Sean Dyche has let Dean Marney and Scott Arfield leave the club this summer but is yet to make any new signings. Photograph: John Clifton/Reuters

“We need to get some players in and I’m sure we will be doing that but first things first. We have our targets for the new season, regardless of whether we are playing European football or not, and bringing those players in is more important than bulking up the numbers.”

Dyche is thought to be keen on signing Swansea’s Sam Clucas, a player he tried to buy from Hull, and West Brom’s relegation has also opened up the possibility of bringing Jay Rodriguez back to Turf Moor.

Those are exactly the type of players Burnley would have been looking to buy without the added attraction of European football or a lofty place in the league, so no one could accuse Dyche of harbouring delusions of grandeur. “Exactly right,” he says.

“A club like this one – and there are a few more of us in the Premier League – almost has to go back to the start point at the beginning of each season and remodel it all again. Not many people at the start of last season thought we would finish seventh, and reaching Europe has to be recognised as a massive jump for a club like ours, but our challenge remains the same.

“We would like to establish ourselves as a regular Premier League team, someone you just get used to being around year after year, and we are not there yet. We are not big or bold enough to be making grandiose statements about what we are going to do, just staying in the Premier League is always our start point. Only a start point, though. We would like to keep progressing and you have to be careful not to set your goals too low.”

Everton came a cropper in the Europa League after finishing seventh the season before last, though Dyche is undaunted. “There was quite a big shift in players at Everton at the start of last season, and that could be one of the reasons,” he argues. “It is never easy to build a new team in a relatively short space of time.”

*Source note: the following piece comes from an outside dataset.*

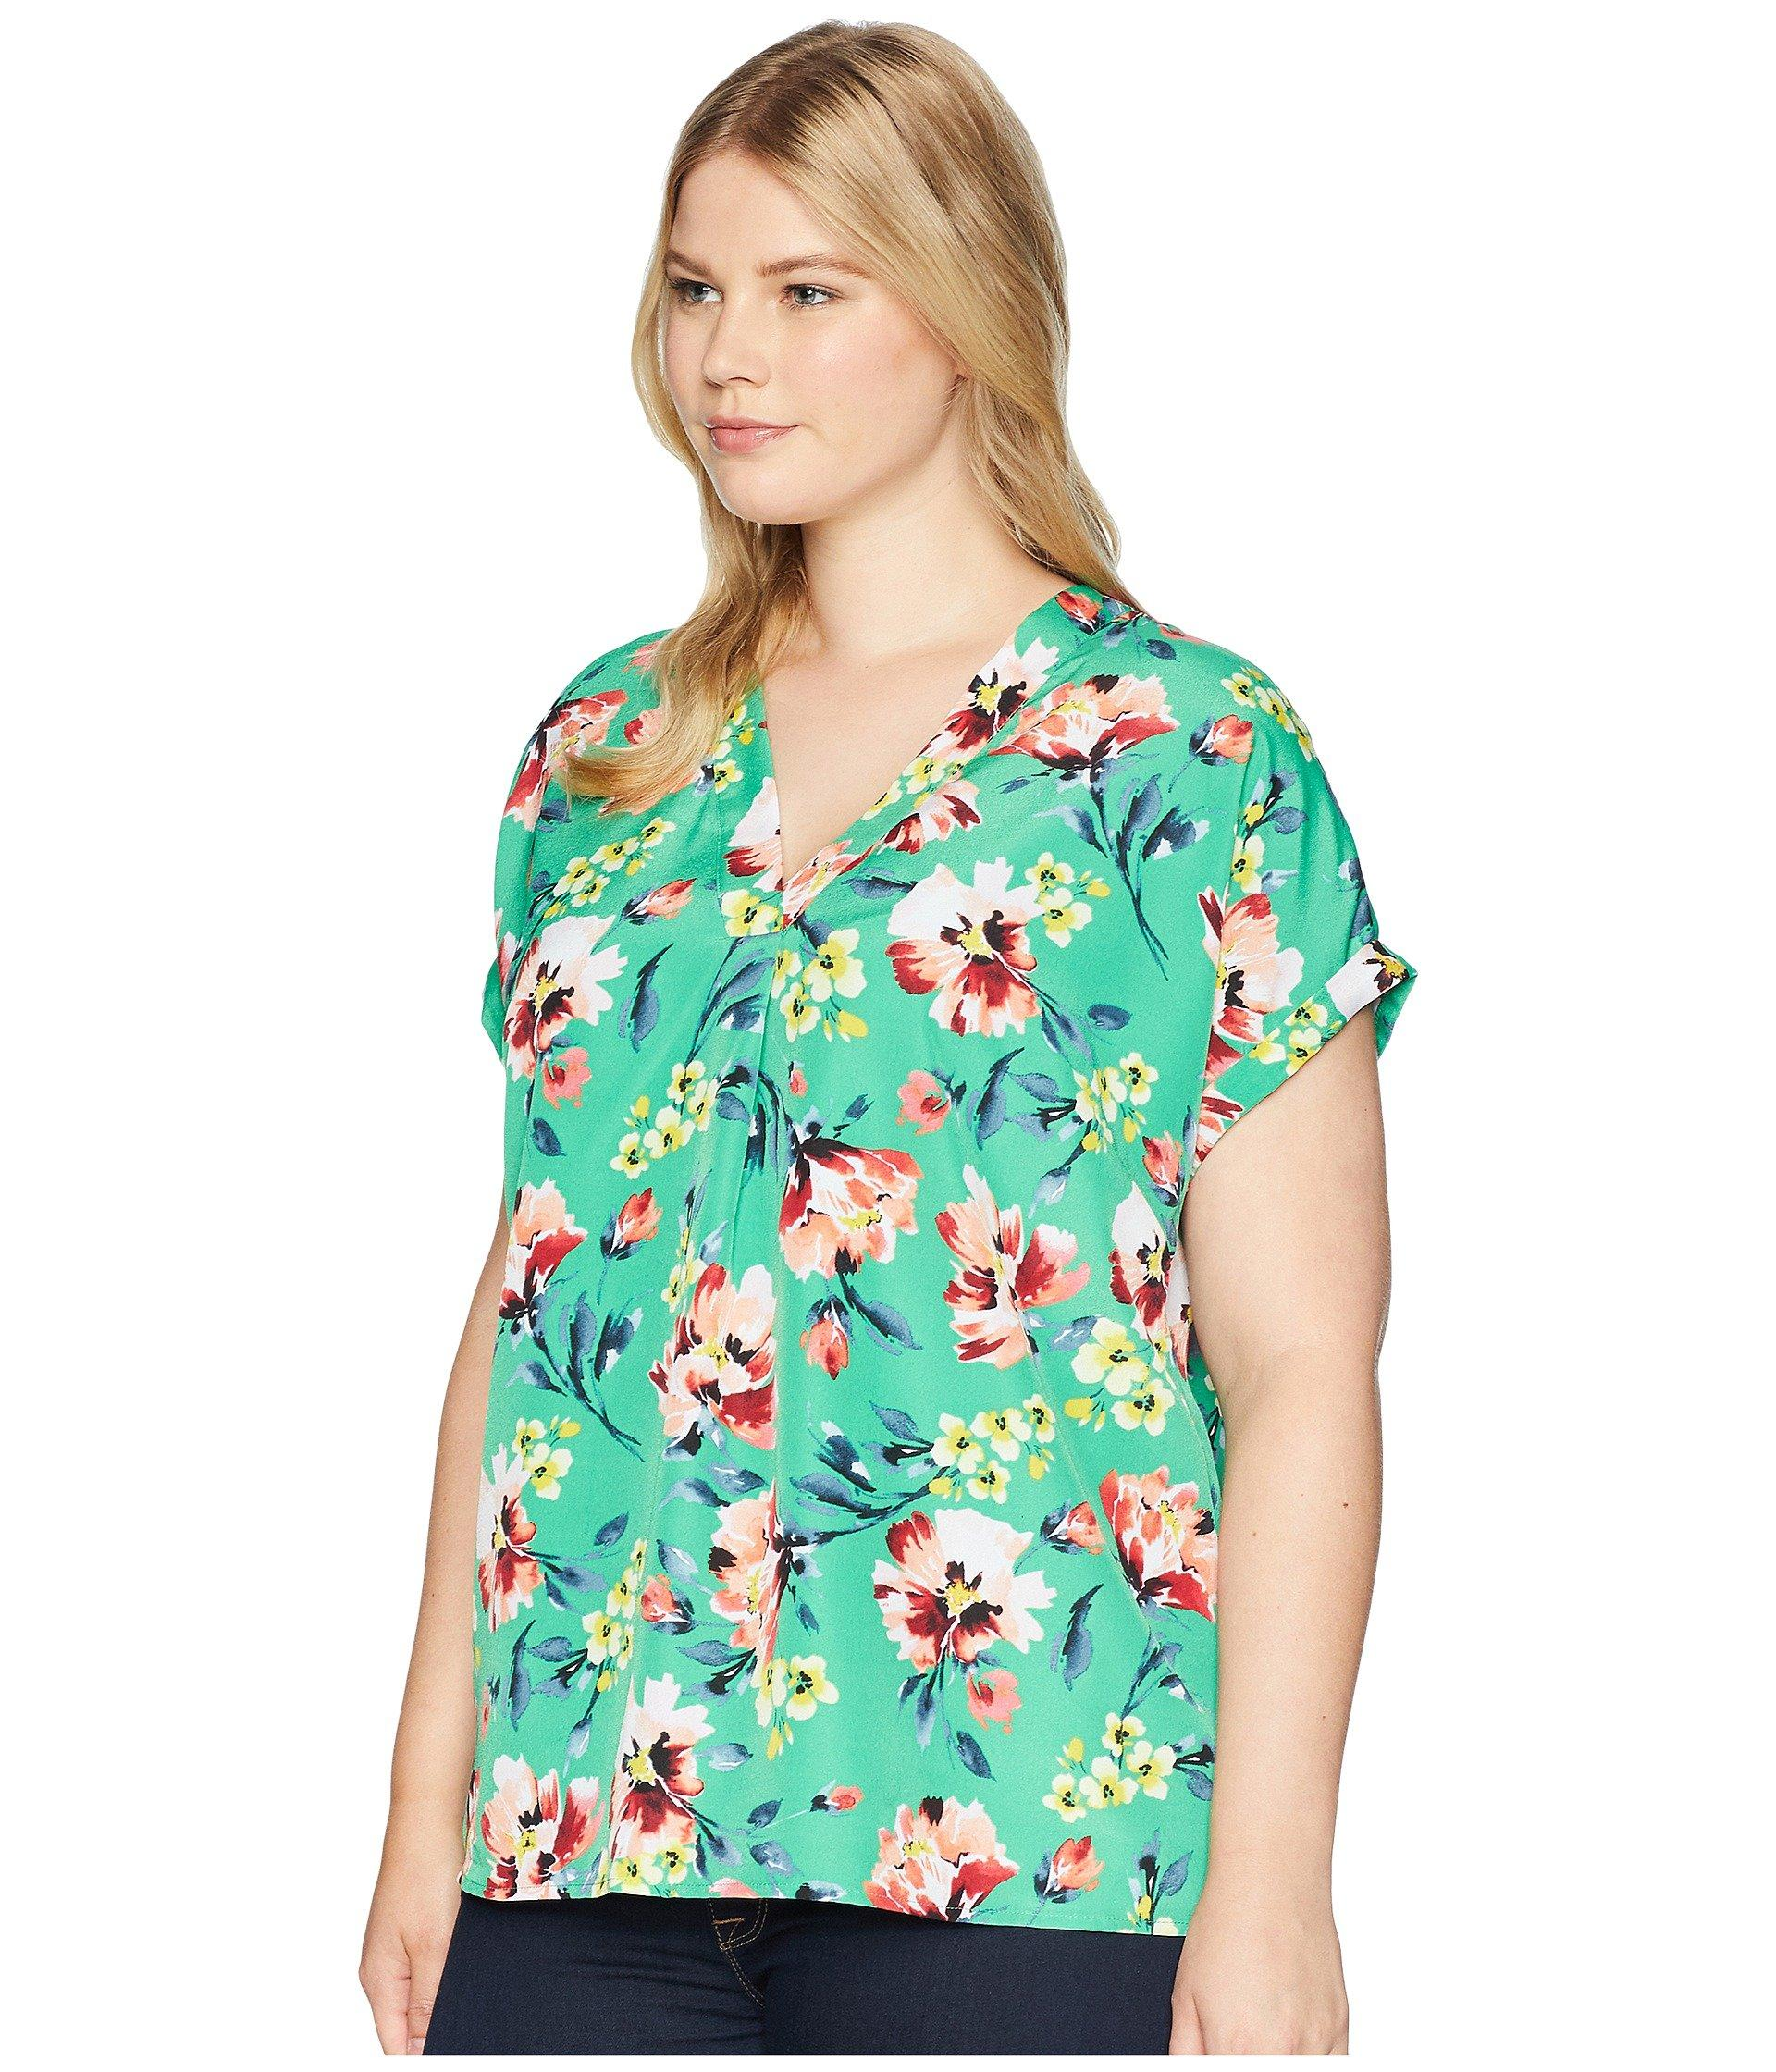 c6a1843489 Lauren by Ralph Lauren Plus Size Floral-print Crepe V-neck Top in ...

What does make him wary is the fate of Stoke and West Brom last season, two teams few if any people would have marked down as relegation candidates. “I don’t think anyone was going around this time last year tipping those two to struggle,” he says. “It just shows that for the majority of clubs, by which I mean practically anyone outside the top six, remaining in the Premier League is not a given. I don’t mean to be negative, that’s just the reality.

“It’s hard work just standing still in this league, and that applies to everyone. Even right at the top, if the results don’t come, the sack will surely follow. That’s just the way football works. I don’t think there is a single manager out there who is unsackable, the way Brian Clough was at Nottingham Forest. In fact I think he may have been the last.

“Arsène Wenger did incredibly well to last 22 years at Arsenal, being successful all the time in terms of trophies or increasing the club’s revenue, but I’m guessing he was politely eased towards the door at the end. He was eased to a situation that, let’s say, suited the club.

“Everyone’s day comes in football, unless you move out yourself for what you perceive as a better position. All you can do is hope to leave some continuity behind, to leave a structure in place that allows the club to move forward.”